If you want to look at the leaky VLANs, the following adds a debugfs entry:

diff --git a/target/linux/rtl838x/files-5.4/drivers/net/dsa/rtl838x_debugfs.c b/target/linux/rtl838x/files-5.4/drivers/net/dsa/rtl838x_debugfs.c
index 00a87b0863..2e2f62686f 100644
--- a/target/linux/rtl838x/files-5.4/drivers/net/dsa/rtl838x_debugfs.c
+++ b/target/linux/rtl838x/files-5.4/drivers/net/dsa/rtl838x_debugfs.c
@@ -334,6 +334,13 @@ void rtl838x_dbgfs_init(struct rtl838x_switch_priv *priv)
                debugfs_create_x64("bpdu_flood_mask", 0644, rtl838x_dir,
                                (u64 *)(RTL838X_SW_BASE + priv->r->rma_bpdu_fld_pmask));
 
+       if (priv->family_id == RTL8380_FAMILY_ID)
+               debugfs_create_x32("vlan_ctrl", 0644, rtl838x_dir,
+                               (u32 *)(RTL838X_SW_BASE + RTL838X_VLAN_CTRL));
+       else
+               debugfs_create_x32("vlan_ctrl", 0644, rtl838x_dir,
+                               (u32 *)(RTL838X_SW_BASE + RTL839X_VLAN_CTRL));
+
        return;
 err:
        rtl838x_dbgfs_cleanup(priv);

diff --git a/target/linux/rtl838x/files-5.4/drivers/net/dsa/rtl838x.h b/target/linux/rtl838x/files-5.4/drivers/net/dsa/rtl838x.h
index 0528298cb6..ad52a5d857 100644
--- a/target/linux/rtl838x/files-5.4/drivers/net/dsa/rtl838x.h
+++ b/target/linux/rtl838x/files-5.4/drivers/net/dsa/rtl838x.h
@@ -63,6 +63,7 @@
 #define RTL839X_SDS12_13_PWR1                  (0xb980)
 
 /* VLAN registers */
+#define RTL838X_VLAN_CTRL                      (0x3A74)
 #define RTL838X_VLAN_PROFILE(idx)              (0x3A88 + ((idx) << 2))
 #define RTL838X_VLAN_PORT_EGR_FLTR             (0x3A84)
 #define RTL838X_VLAN_PORT_PB_VLAN(port)                (0x3C00 + ((port) << 2))

It shows that by default leaky STP is on and leaky Mcast is off:

root@OpenWrt:/sys/kernel/debug/rtl838x# cat vlan_ctrl 
0x00000020

It is possible to write to that register through debugfs.
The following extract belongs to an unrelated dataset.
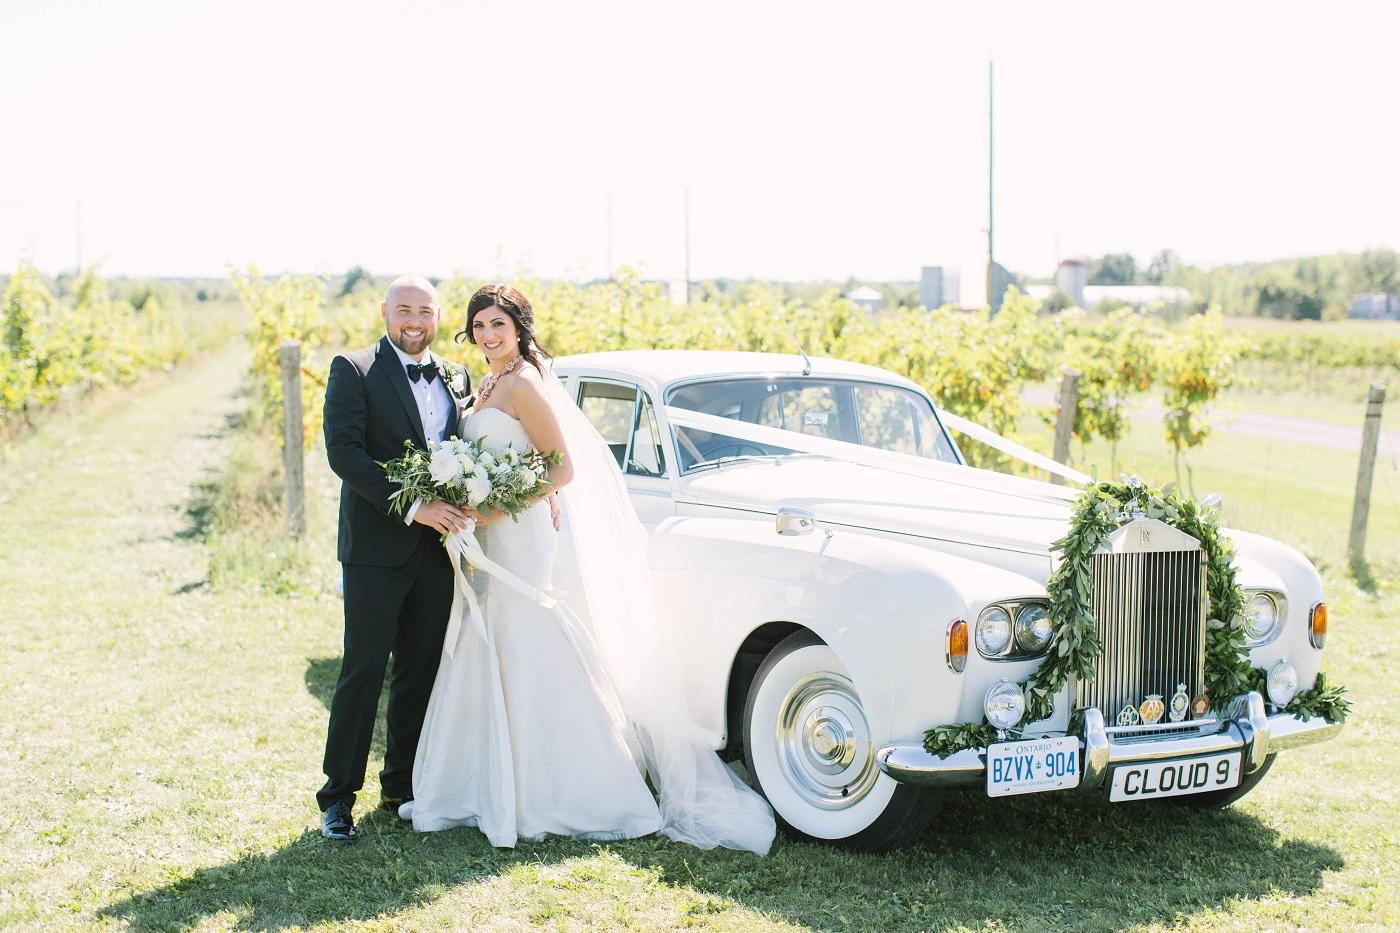 liuna-gardens-wedding-hamilton-kj-and-co-7.JPG

Thanks. That's a nice trick.

BTW, I noticed that the HPE 1910 series is listed on the "models" without any details. And there was one for sale for "nothing" in my neighbourhood. But checking it closer I believe the entry is wrong. These are not RTL83xx based. The specs claim a 333MHz ARM CPU. And I downloaded

Software Release 1910_5.20.R1519P06
Supported products:

    JE005A HP 1910-16G SWITCH
    JE006A HP 1910-24G SWITCH
    JE007A HP 1910-24G-POE (365W) SWITCH
    JE008A HP 1910-24G-POE(170W) SWITCH
    JE009A HP 1910-48G SWITCH
    JG348A HP 1910-8G SWITCH
    JG349A HP 1910-8G-POE+ (65W) SWITCH
    JG350A HP 1910-8G-POE+ (180W) SWITCH

which contains strings like

Marvell Feroceon
U-Boot 1.1.4 (2017-08-09 - 14:09:56) Marvell version: 3.1.6

and

MV88F
88F6281 Z0
88F6192 Z0
88F6180 Z0
DB-88F6281-BP
RD-88F6281
DB-88F6192-BP
RD-88F6192-NAS
DB-88F6180-BP
RD-88F6180-AP

So that probably means more like kirkwood?